In any event, those are a few of my thoughts on marketing as a complex phenomenon. As I look at what the company has done under its current leadership I have great respect for how its CEO has “shepherded” NanoLogix and developed and implemented the only set of strategies that could have made sense within the operating conditions, resource realities, need for allies and credibility, requirement of workable commercial product lines, and competitive market conditions and obstacles. A company such as NanoLogix requires an adaptable leader capable of developing, recognizing and seizing opportunities as they arise and this in fact is what has occurred. Without that leadership I have little doubt that NanoLogix would have not be positioned for the significant advancements that lie ahead in the near future. Contrary to what a poster on one message board stated, success lies in the hands of the NanoLogix board and its CEO and Chair.

One thing that seems obvious, however, is that in a tiny company such as NanoLogix where there is a need for a multi-directional marketing strategy it is likely that some reallocation of resources and functions be done. I described the fact that NanoLogix is moving into a phase where substantial marketing of diverse products in several distinct sectors and global locations is essential. The problem is that given the severe resource constraints in which such small companies operate and the need to do what might be called “cross marketing” (generic Petri plates, BNP for TB, BNP for Group B Strep, US Defense industry, food industry, etc.) the flexible and creative strategic marketing and development we have seen to this point that has positioned a tiny company in very positive ways will also require a strategy in which a diverse set of personnel with contacts and experience in the core product sectors will need to be recruited.

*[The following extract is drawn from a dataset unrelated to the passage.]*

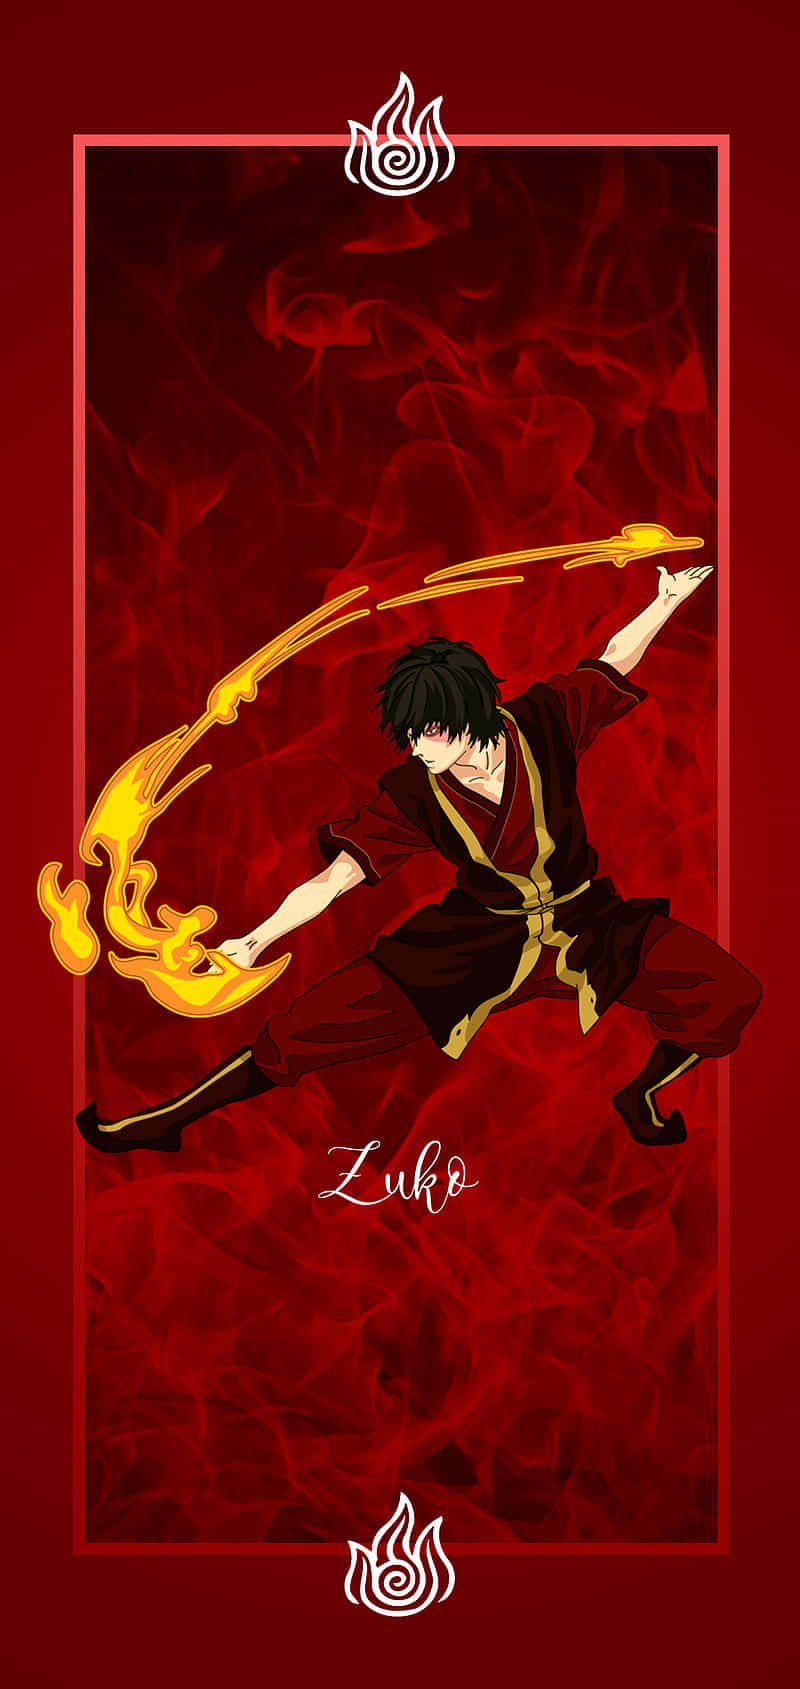 Zuko is a character from the popular Nickelodeon show Avatar: The Last Airbender

I trust acquiring this added capability is in process or soon will be. To this point the CEO has demonstrated an awareness of strategic needs and there is no reason to think either that the most productive opportunities will not be seized or that the hard decisions won’t be made in order to maximize shareholder interests. With the limited financial resources available this is unfortunately likely to require reallocation of positions and identification of several different personnel but in the interests of the shareholders and the company’s development it seems a necessary next step.